Re: Linksys WRT54G: Part 2

From: Erik Andersen
Date: Mon Sep 29 2003 - 10:09:24 EST


On Mon Sep 29, 2003 at 01:03:16AM -0500, Rob Landley wrote:
> It's probable that Linksys itself didn't know this. (They wouldn't go to the
> trouble of creating a GPL Code Center to post knowingly incomplete code.)

Nope. It is absolute certainty they know about it. I had my
lawyer contact them months ago, and the cisco Legal department
was made aware of this and other problems, and responded that

"the Linksys technical folks are digging into your questions -
all the the software in question is from Linksys' suppliers
(Linksys doesn't have the source code to this software), so we
have to work with these suppliers to address any concerns."

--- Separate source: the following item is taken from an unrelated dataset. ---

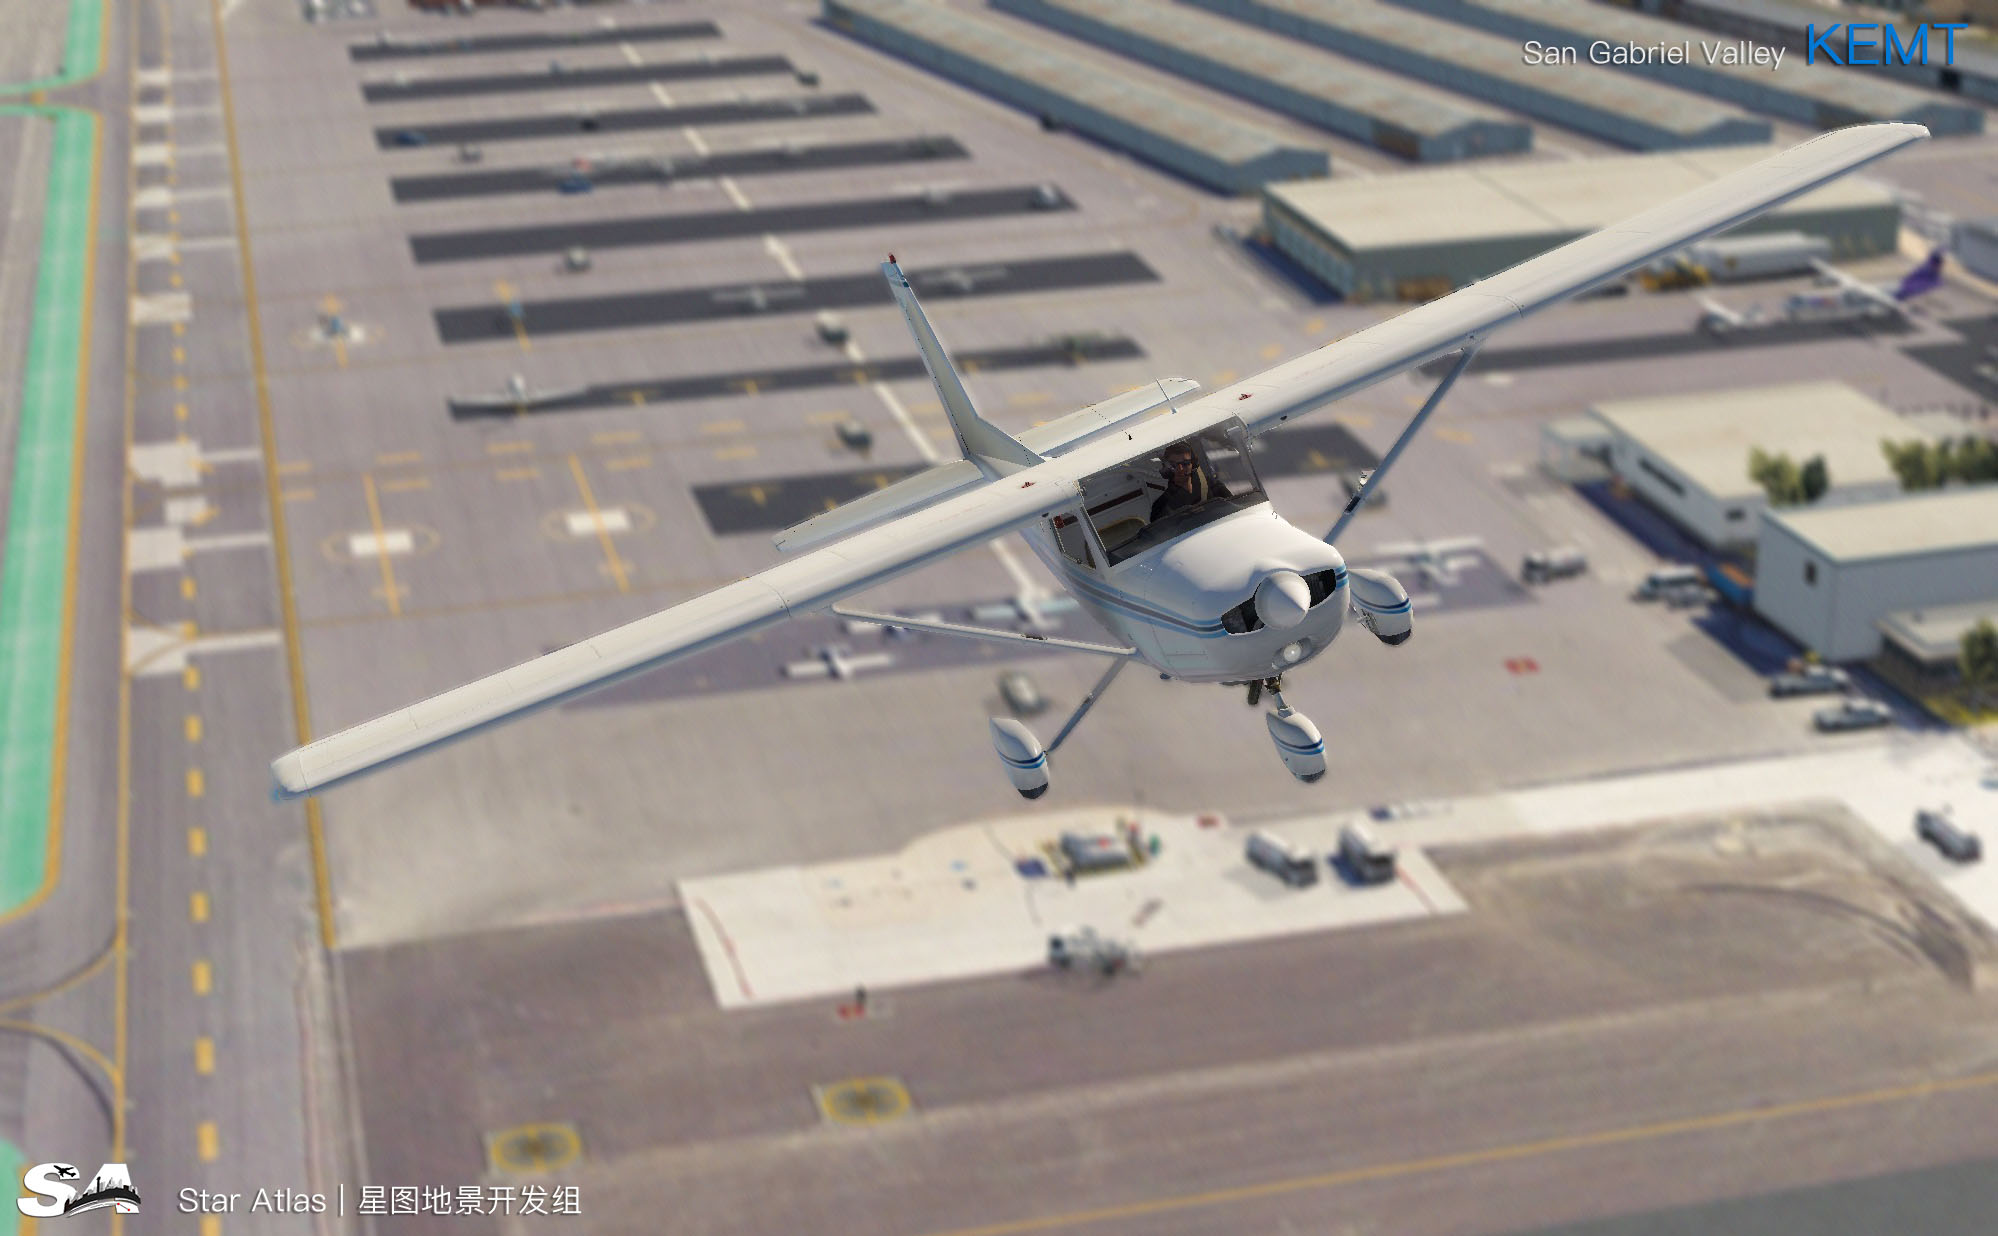 【X-Plane】KEMT-圣盖博谷机场 HD 1.0-2824

but that was July 15 and I have heard nothing substantive from
them since that time.

> At every proprietary softare company I've ever worked for, and this sort of
> knowledge was limited to one or two individual engineers, who often left the
> project when it shipped. The support guys often don't know diddly, and
> management is seldom even aware how much there IS to know.
>
> Keep the pressure up, but be nice and give them some time to audit their
> codebase. Firmware development was probably outsourced to india or taiwan or
> something, and Linksys (nee Cisco) is quite possibly furious at whoever they
> outsourced this to for putting them in this position in the first place...

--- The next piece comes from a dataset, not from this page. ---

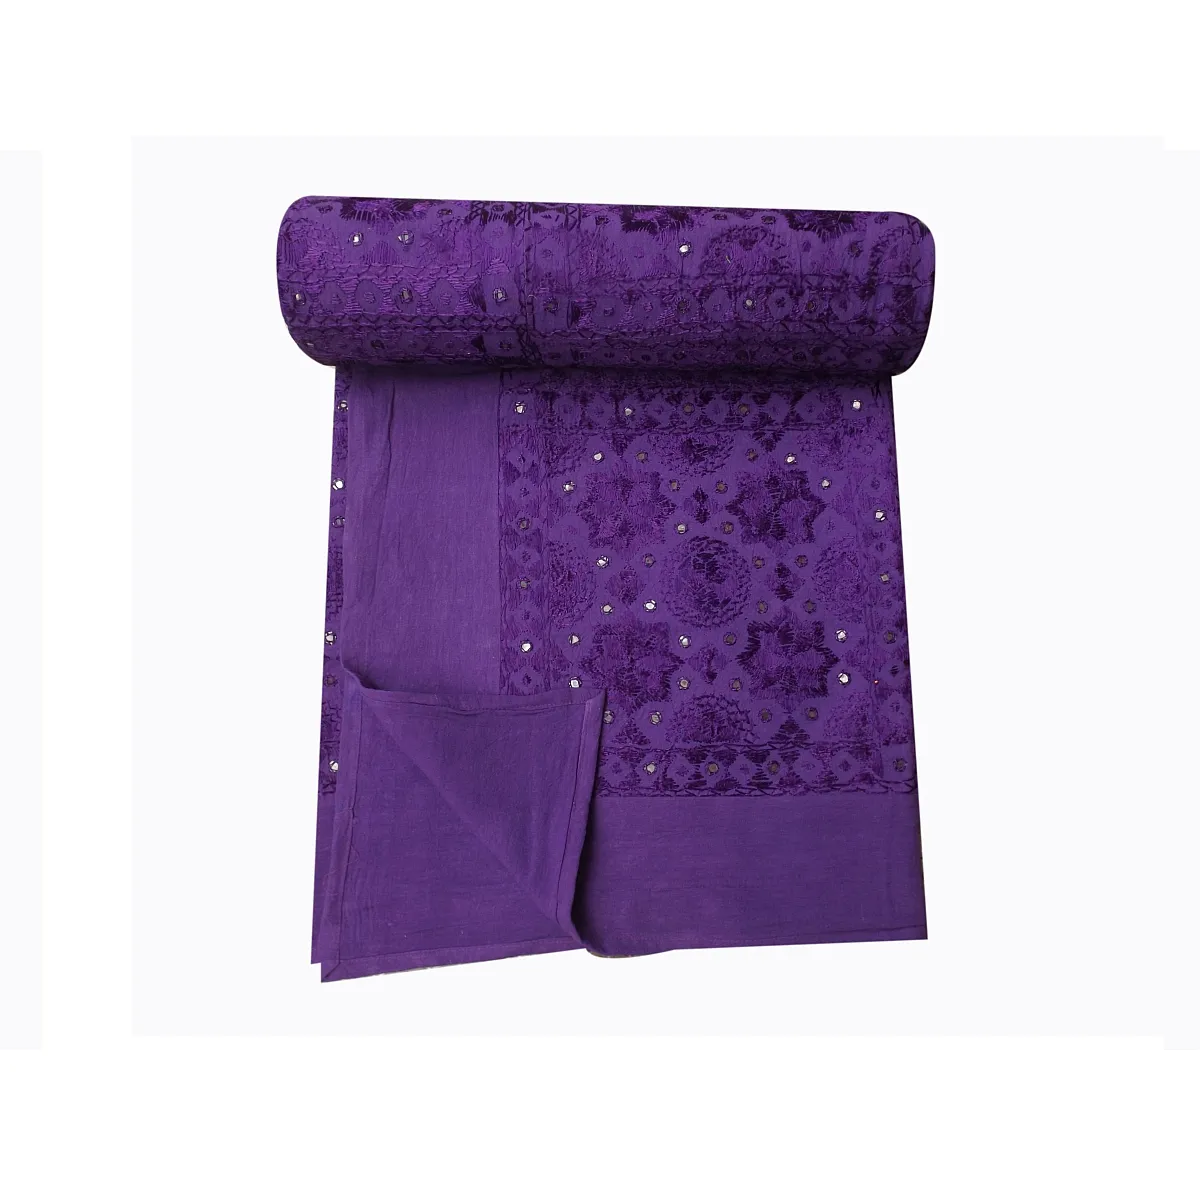 El bloğu baskı tasarım ayna çalışması mor renk yolu egzotik koleksiyonu tersinir sari kantha yorgan

How much niceness do they need? I had my lawyer send the first
of several letters (nice and polite) on 8 May... After several
additional letters (increasingly less polite) my lawyer and I
were finally contacted by Cisco on June 20. They stated at that
time "We are in the process of determining what code is subject
to the distribution obligation; once we have done so, all such
code will be made available under the terms of the GPL."

On July 10 they informed us they were setting up their GPL Code
Center. We informed them on that data that (at least) the
WRT55AG, and WAP54G products also contain Linux and need to have
the GPL'd sources published. We also informed the Cisco legal
dept on July 10 that they have have not provided source code for
'libnetconf' (which staticly includes iptables/netfilter code),
and since they have shippied zillions of these things, they are
obligated to release source not just libnetconf, but also all
applications linked with libnetconf.

They have not yet addressed that issue despite 2.5 months passing
since their legal department was informed. When combined with
the issue of the broken kernel they distribute, it is hard to
argue they have acted in good faith at complying.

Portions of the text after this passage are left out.